Specifically, the standard for determination may be: the pitch
angle smaller than or equal to a first angle, the drift angle
smaller than or equal to a second angle, the roll angle smaller
than or equal to a third angle, the number of pixels of the color
image of the target face greater than or equal to a first
threshold, and light intensity greater than or equal to a second
threshold. Illustratively, the first angle may be 30.degree., the
second angle may be 30.degree., the third angle may be 44.degree.,
the first threshold may be 40.times.40 pixels (pixels), and the
second threshold may be 5 Lux (Lux).
[0126] The number of pixels of the color image of the face samples
being greater than or equal to a first threshold may include: the
total number of pixels of the color image of the face samples is
greater than or equal to the first threshold, or the number of
horizontal pixels of the color image of the face samples is greater
than or equal to the first threshold, or the number of vertical
pixels of the color image of the face samples is greater than or
equal to the first threshold.
[0127] Optionally, when it is determined that the color images of
the above-described face samples are unqualified, the
above-described image qualification determining module may also be
configured to stop the inputting of the color image of the face
samples into the neural network for training. Optionally, the
above-described first angle and second angle may be the same or
different. When it is determined that the color images of the
above-described face samples qualify, the steps of the feature
point positioning and the second processing may be carried out.

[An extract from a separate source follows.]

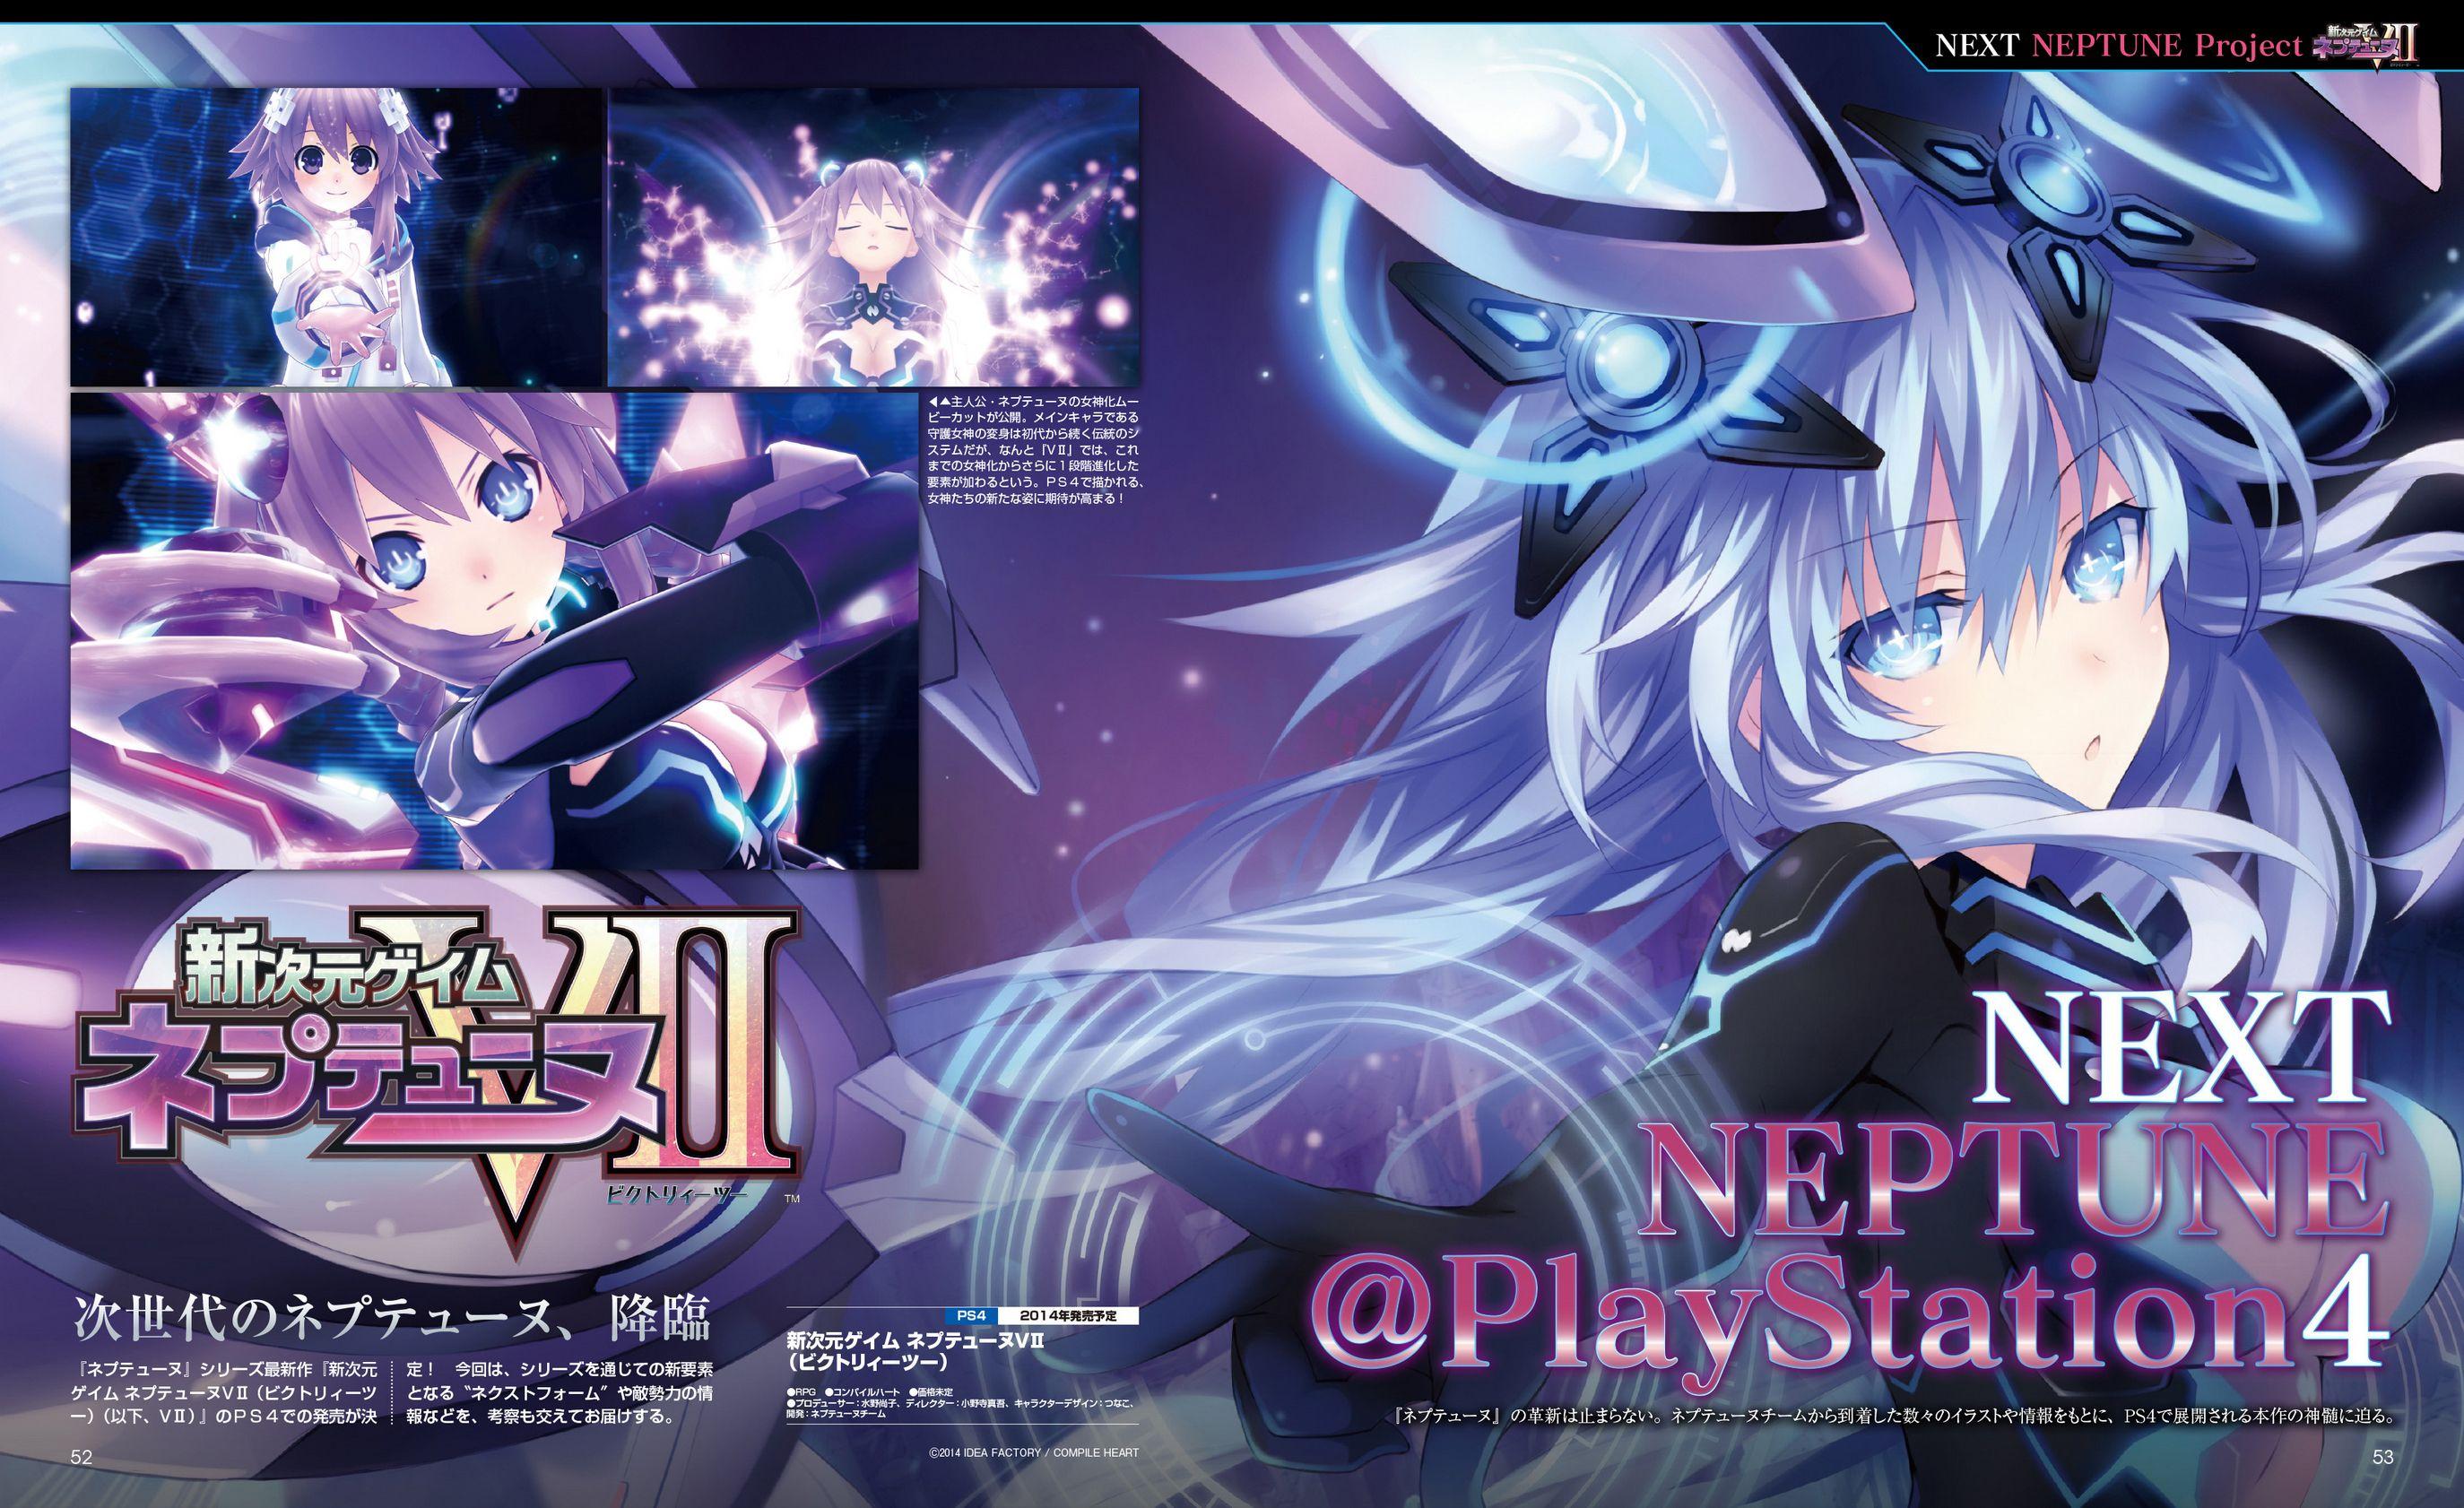 PS4 신차원게임 넵튠 VII 고화질 스켄샷

[0128] Generally, take a human face as an example, besides the
face, a color image of face samples captured by a camera apparatus
also includes redundant parts such as a neck and shoulders, and a
human face detection is required for positioning a frame position
of the human face, then fetch the frame position, and then position
the above-described facial features, such as the eye points, to
enable the above-described second processing module to perform the
above-described second processing, such as affine transformation,
rotation and alignment of the feature points, so as to reach or
approximately reach requirements for a standard face or
requirements for use. The above-described requirements involve
positions and dimensions of the feature points, for example, the
positions of the feature points may be aligned with positions of
feature points of a certain face sample, and/or the dimensions may
be the same as or similar to those of the standard face or the face
samples.
[0129] The above-described neural network is specifically
configured to use a gradient descent method and a back-propagation
algorithm to train the convolution neural network, and to optimize
each parameter in the convolution neural network. The convolution
neural network has a structure of one input layer, three group
layers, two fully connected layers and four output layers. Each of
the group layers includes a convolution layer, an activation layer
and a lower sampling layer. Optionally, a face sample with a
dimension of 60*60 subjected to the above-described second
processing is inputted into the convolution neural network. An
activation function of the convolution layer uses an ReLU function.
Multiplying the input of each convolution layer by the weight of
the layer to obtain a value, the ReLU function follows a principle
that, if the value is greater than 0, then the calculated value
will be saved as an output value, if the value is smaller than 0,
then the output value is set to 0. Surely, the ReLU function may
also be replaced with other activation functions. The fully
connected layers also use the ReLU activation function. The output
layers serve to convert a real value generated from the fully
connected layers into a probability between [0,1].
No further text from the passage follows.